**Task brief:** What you return must be an exact copy of the lines in the listing below between the line holding "Новая модная зимняя" and the line holding "Persona sentada en", inclusive, and nothing more.

**Data listing:**
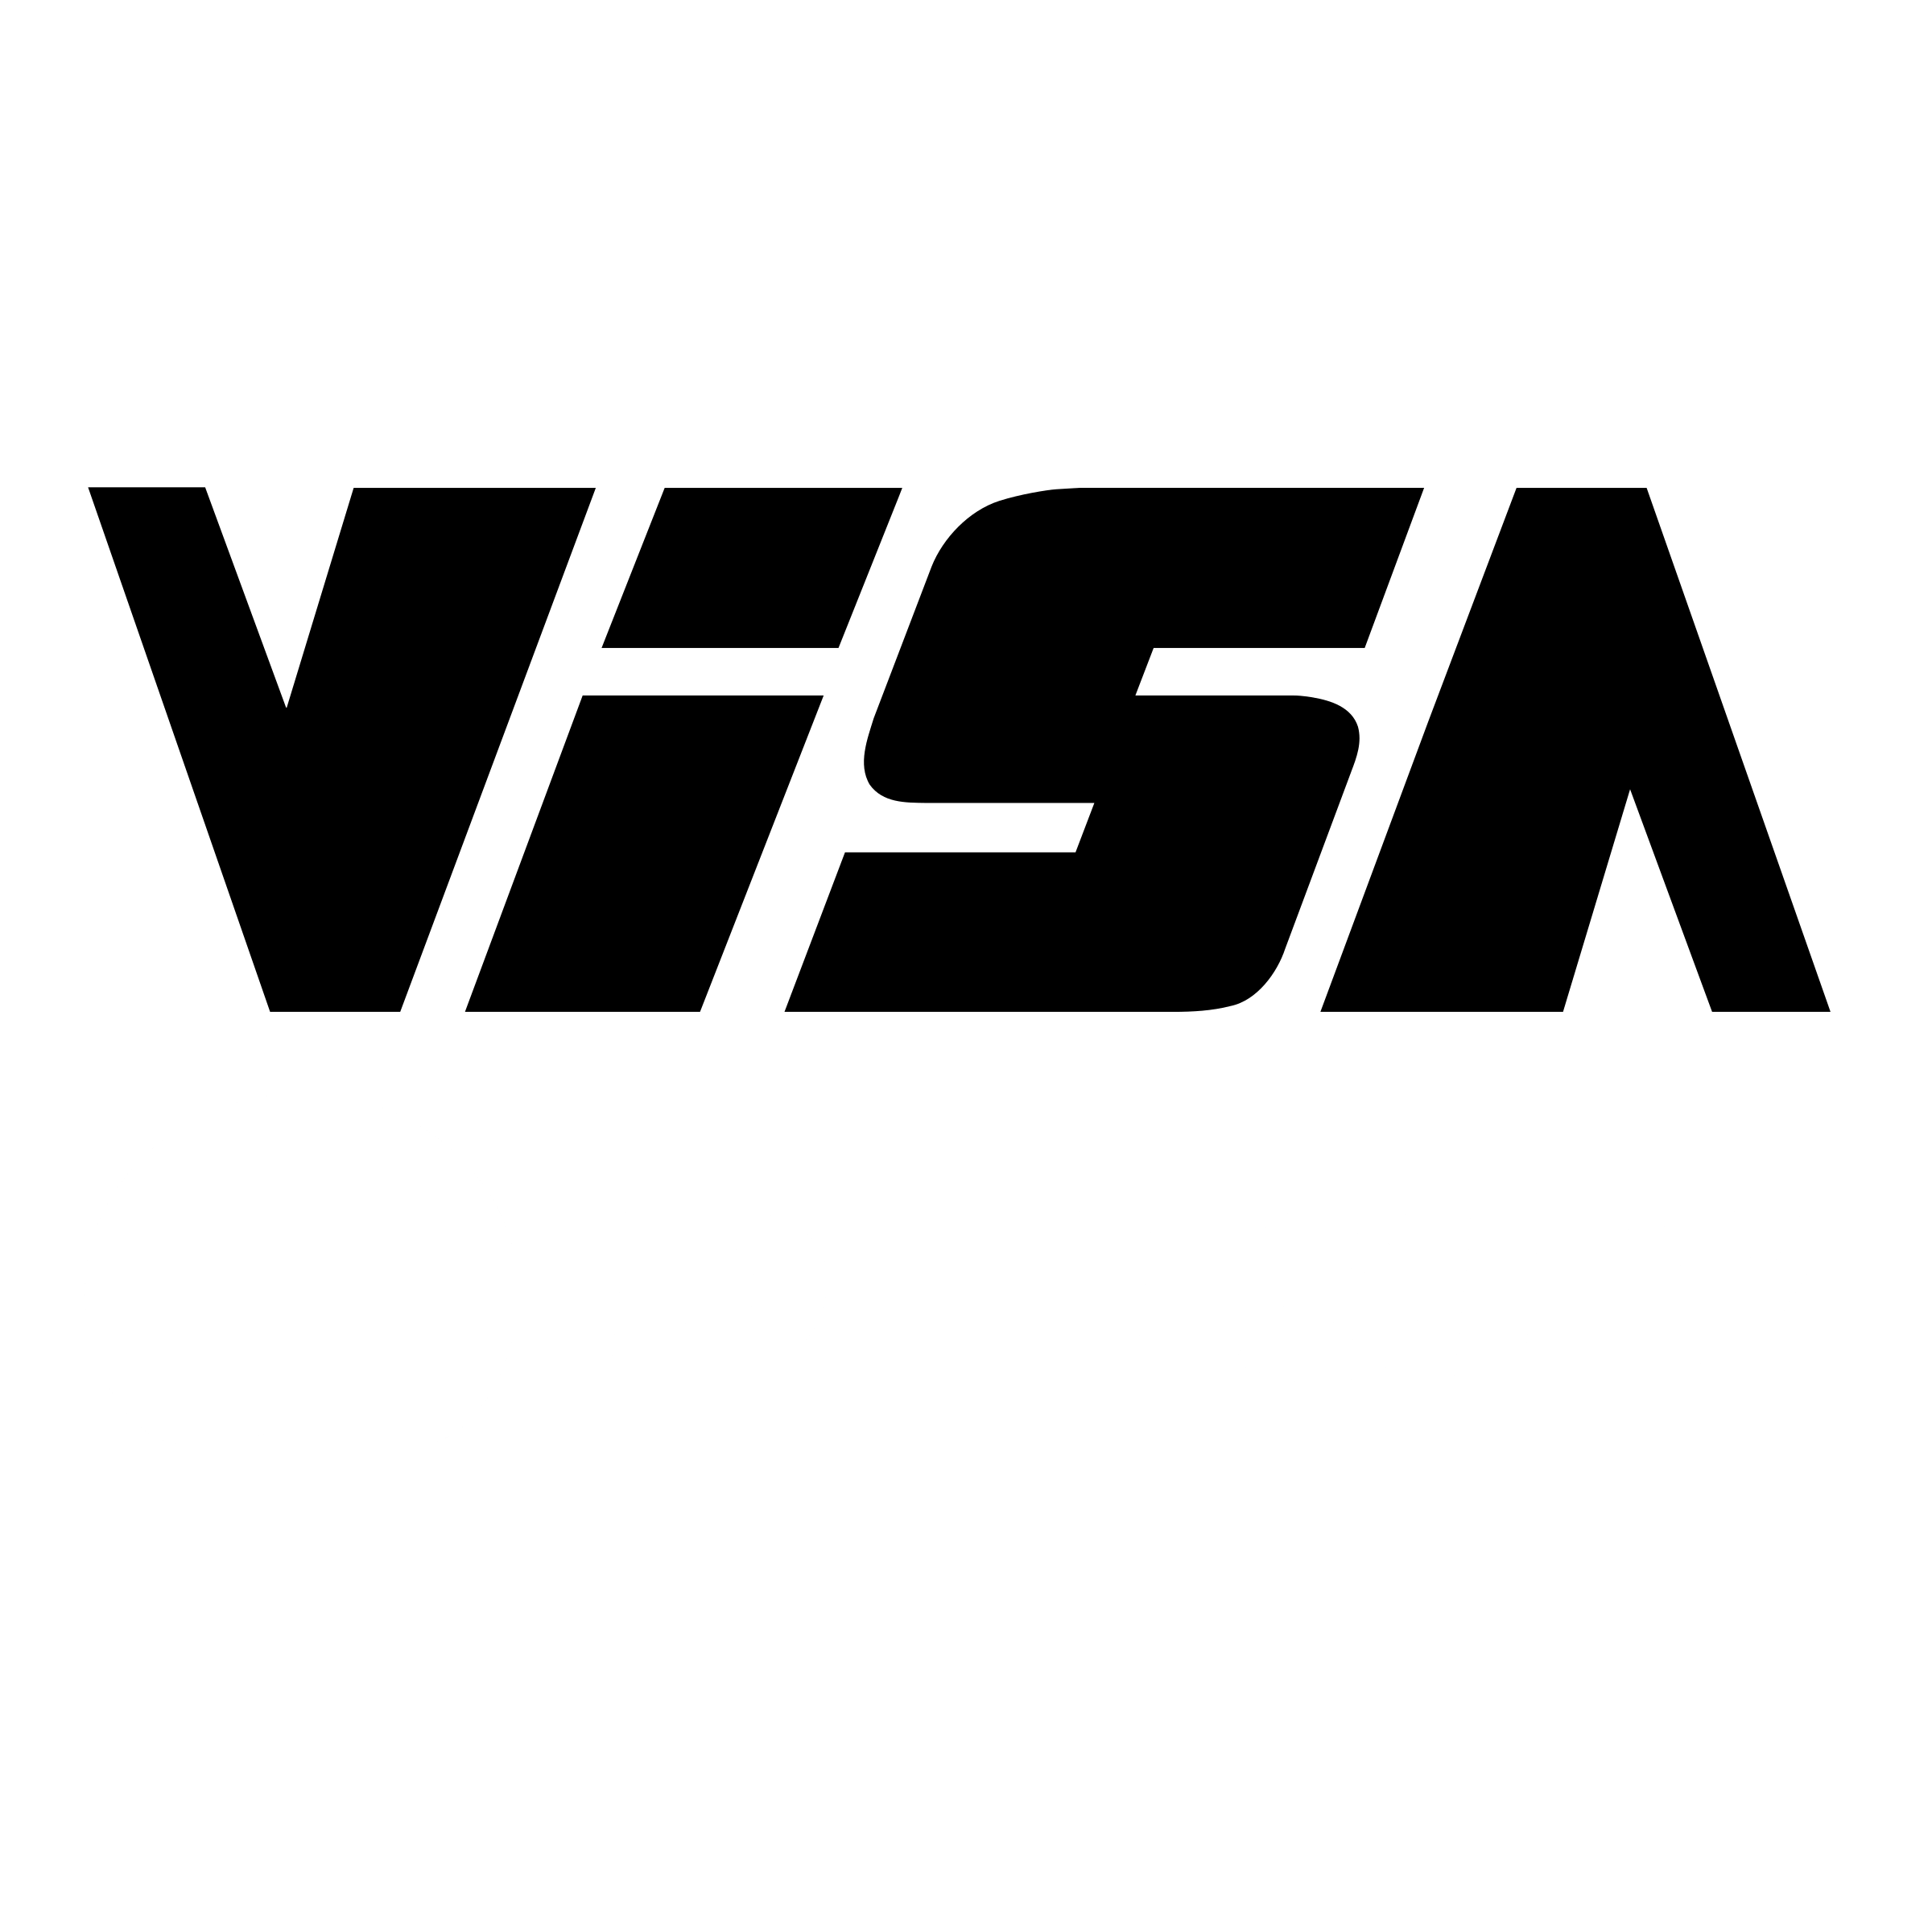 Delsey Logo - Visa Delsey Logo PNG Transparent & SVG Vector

...

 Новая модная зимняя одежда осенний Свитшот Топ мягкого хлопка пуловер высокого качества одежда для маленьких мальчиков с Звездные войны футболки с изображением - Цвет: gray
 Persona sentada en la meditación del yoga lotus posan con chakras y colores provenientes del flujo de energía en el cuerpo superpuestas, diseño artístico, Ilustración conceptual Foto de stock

**Completed task:**
 Новая модная зимняя одежда осенний Свитшот Топ мягкого хлопка пуловер высокого качества одежда для маленьких мальчиков с Звездные войны футболки с изображением - Цвет: gray
 Persona sentada en la meditación del yoga lotus posan con chakras y colores provenientes del flujo de energía en el cuerpo superpuestas, diseño artístico, Ilustración conceptual Foto de stock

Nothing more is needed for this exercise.